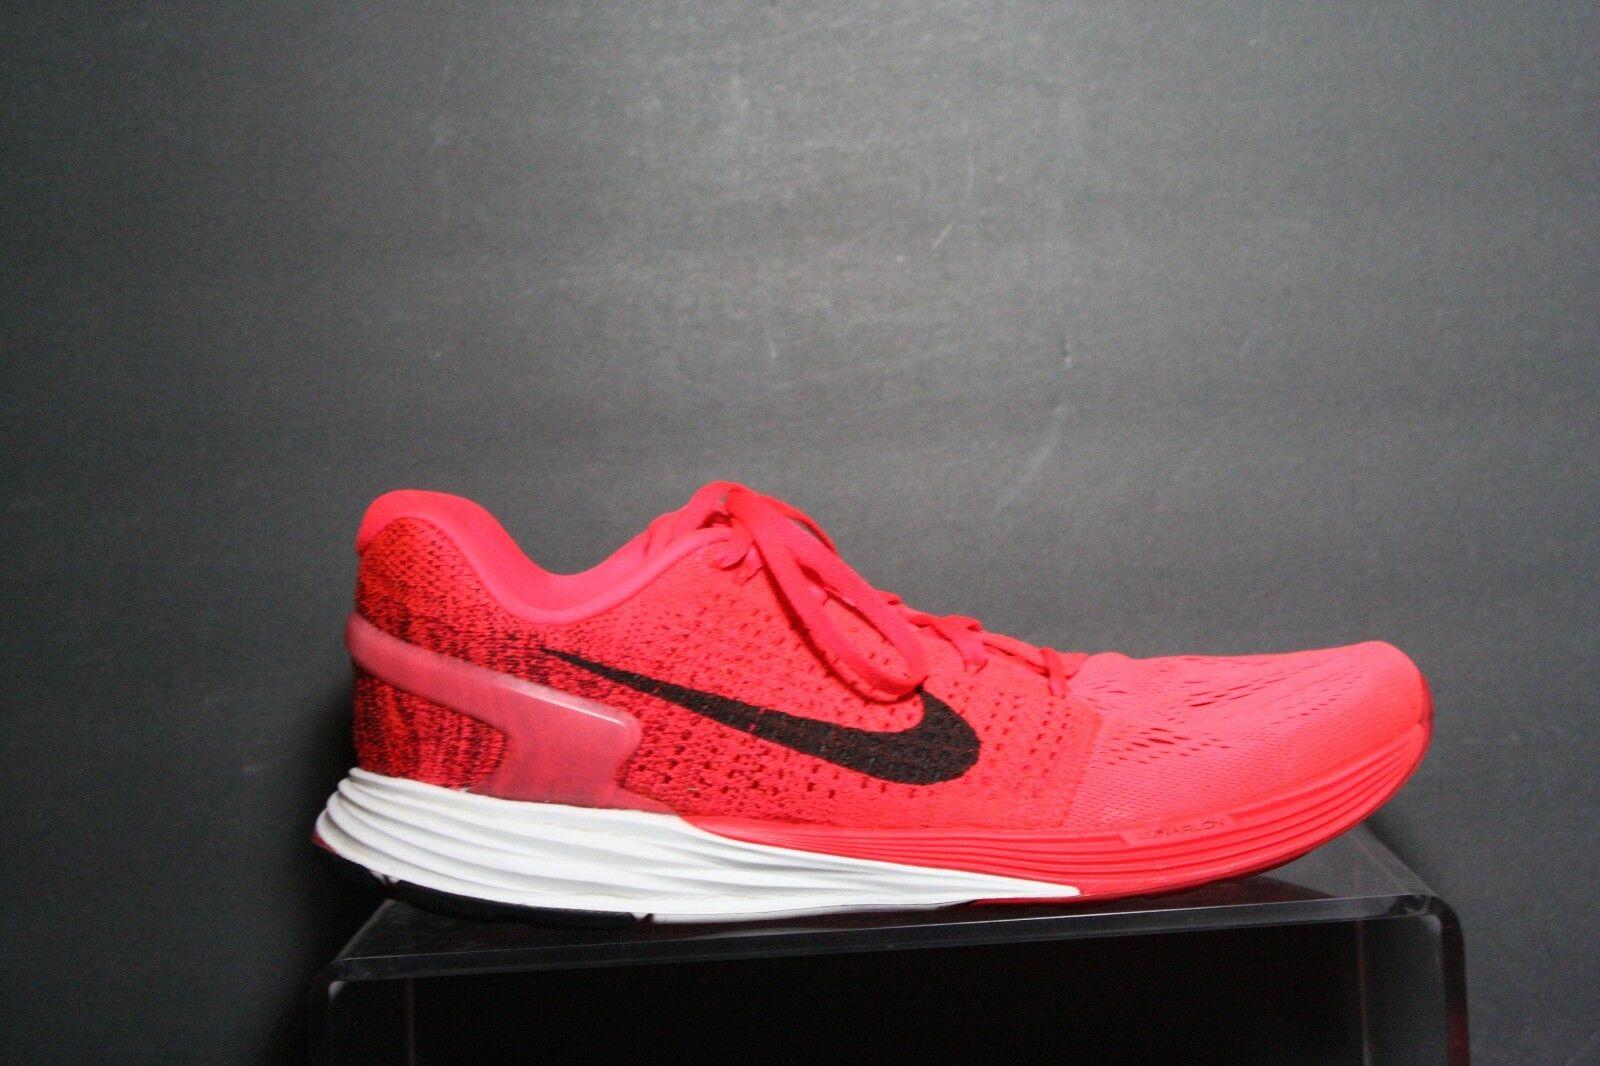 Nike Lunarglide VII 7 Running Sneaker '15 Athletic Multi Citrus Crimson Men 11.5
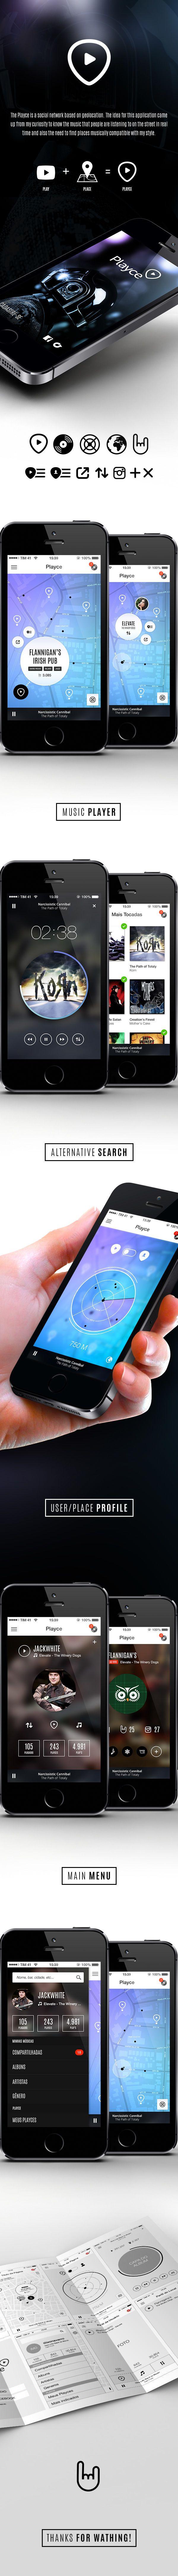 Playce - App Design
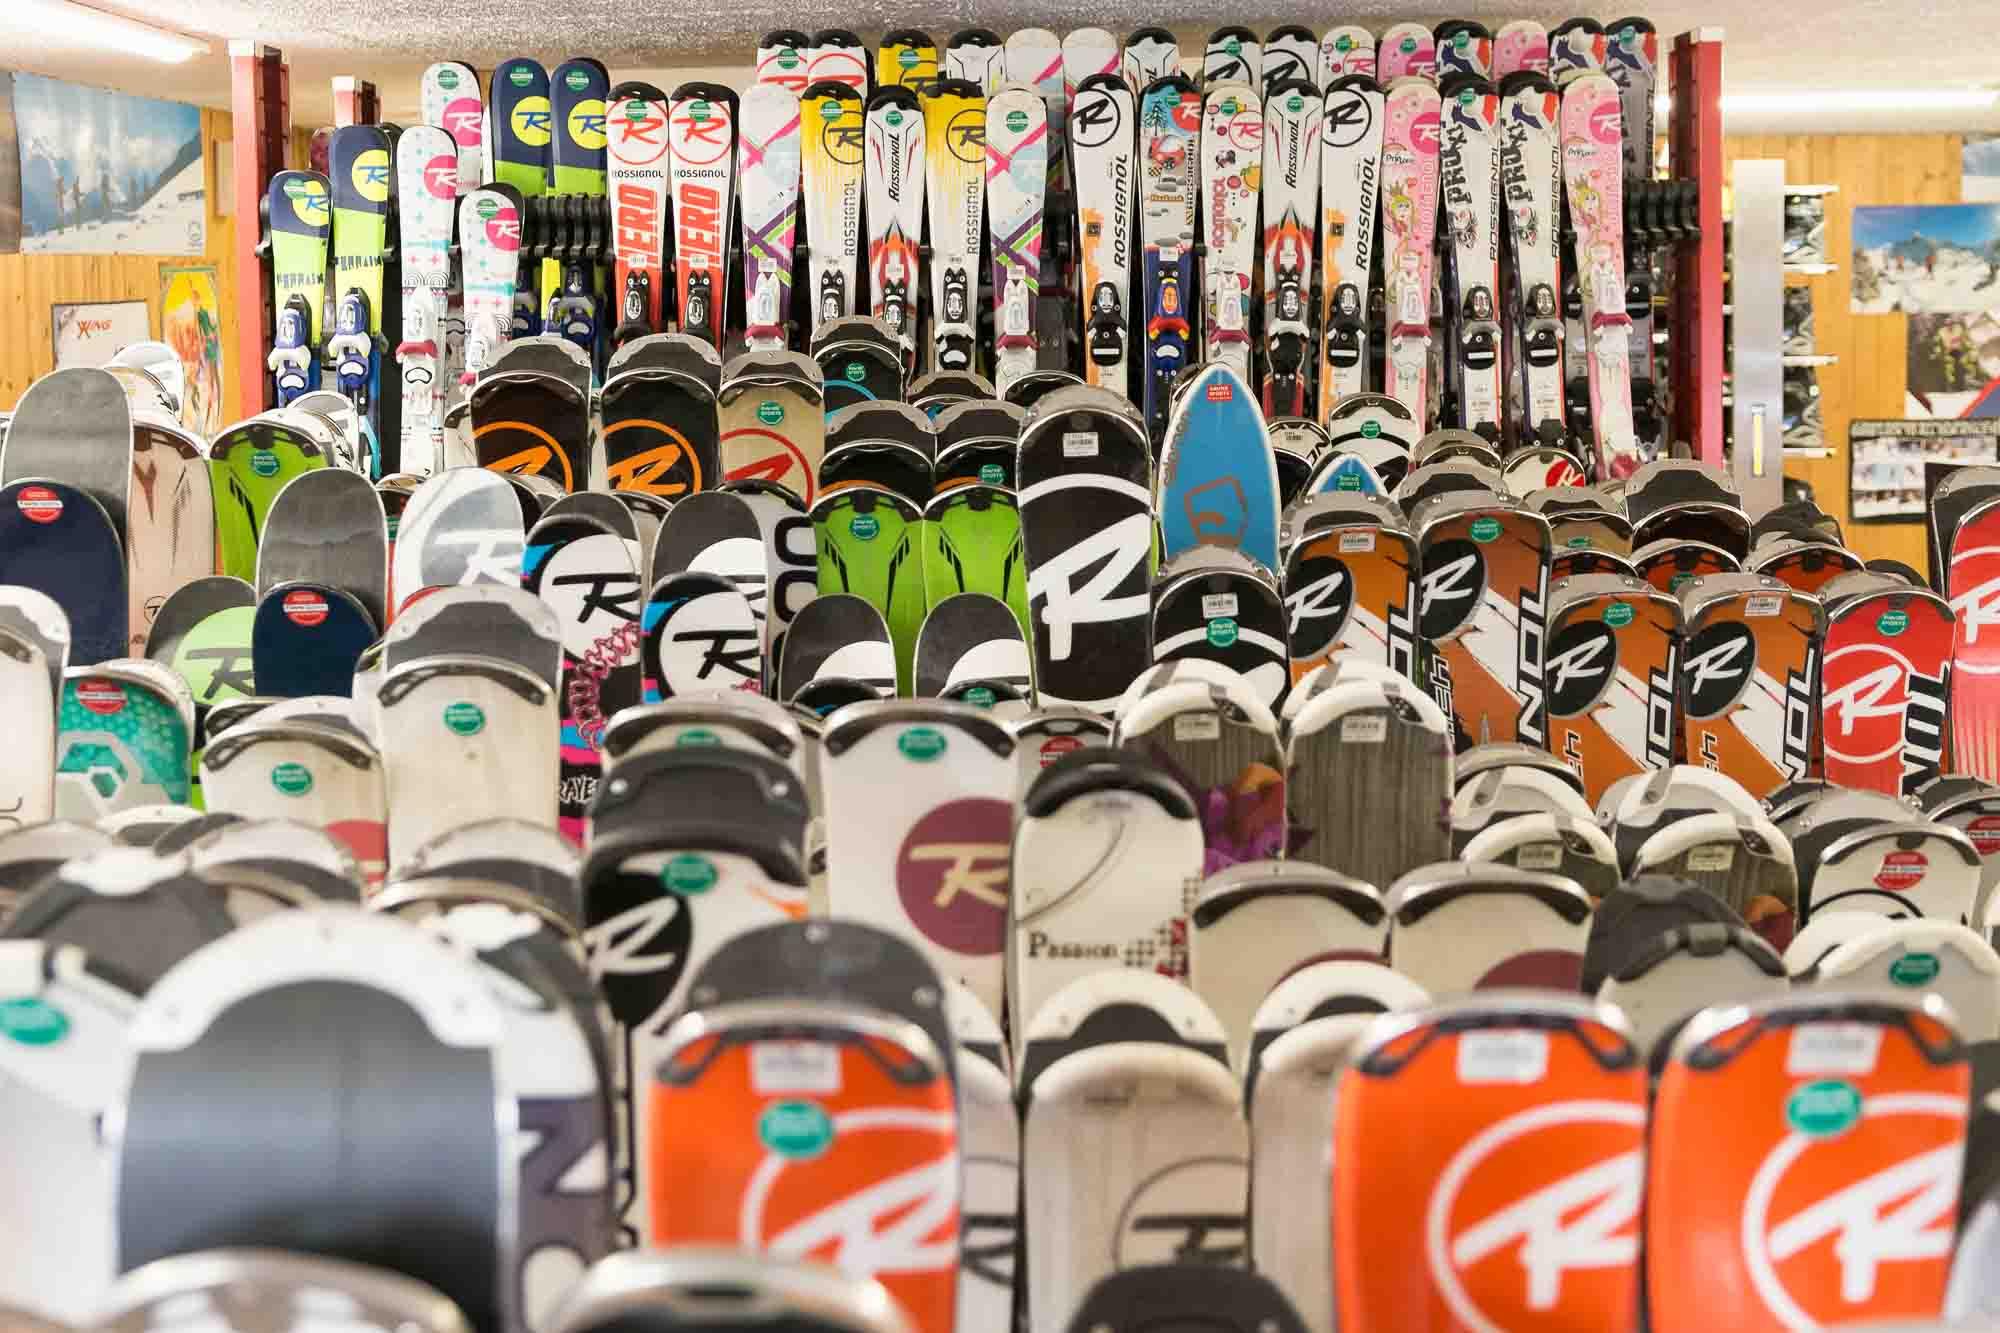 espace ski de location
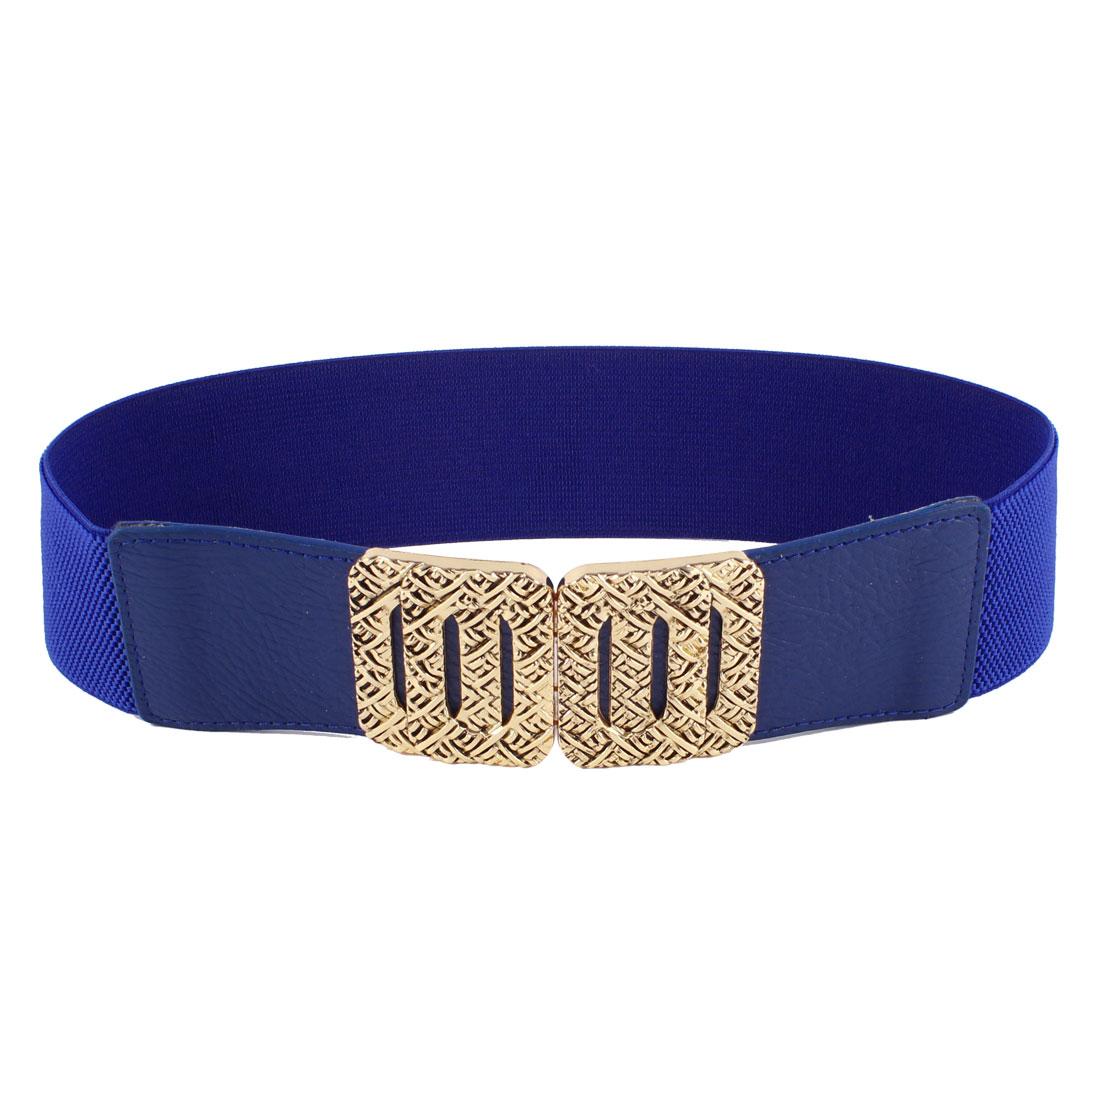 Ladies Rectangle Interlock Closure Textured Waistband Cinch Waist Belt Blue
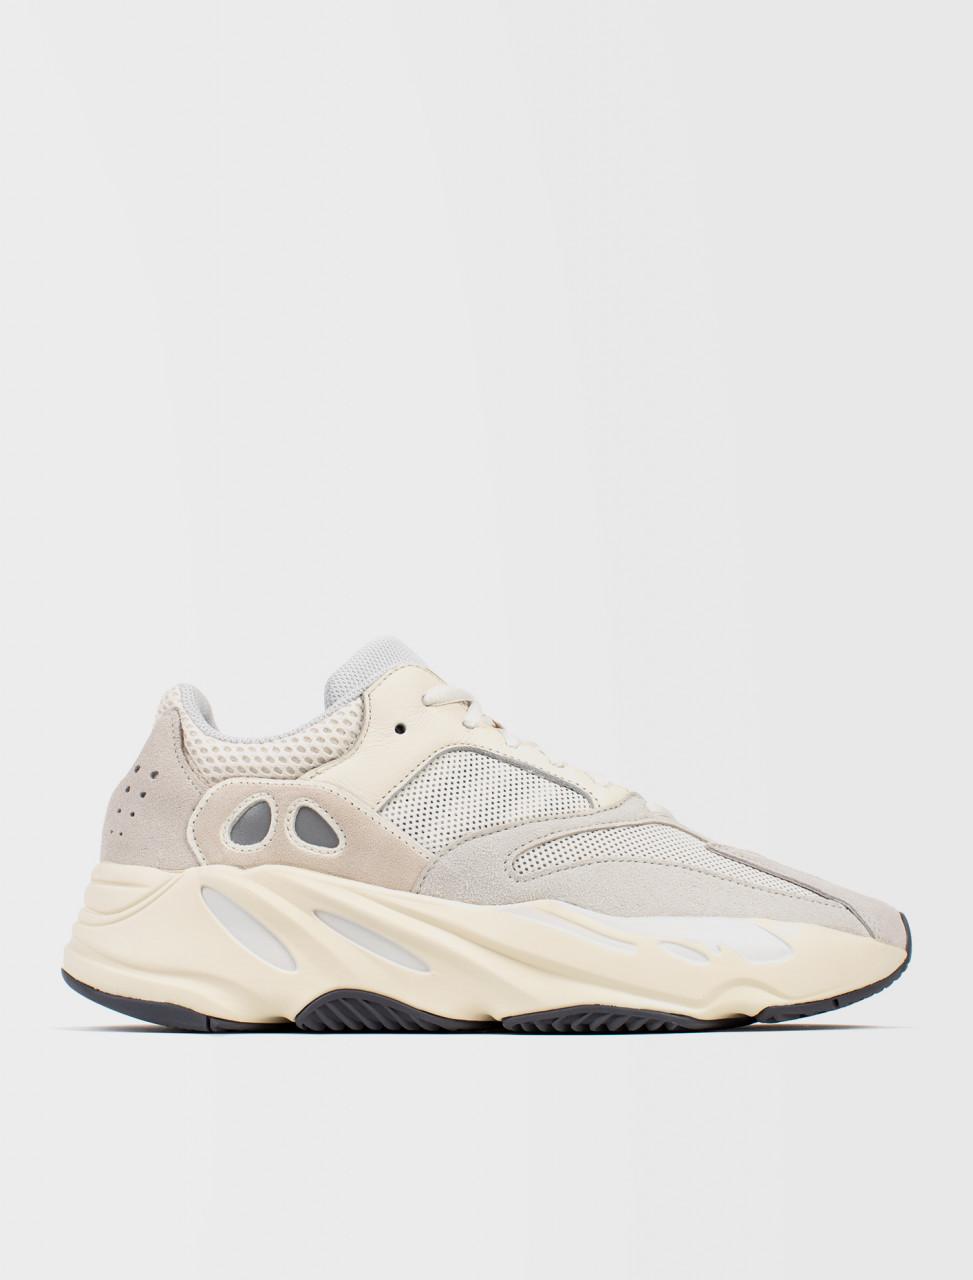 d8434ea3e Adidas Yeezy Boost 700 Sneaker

+---+

Reproduce exactly, with nothing added, the lines from the line with "Ladies Rectangle Interlock" through the end of the entries above; pictures are to be left out.

 Ladies Rectangle Interlock Closure Textured Waistband Cinch Waist Belt Blue
 d8434ea3e Adidas Yeezy Boost 700 Sneaker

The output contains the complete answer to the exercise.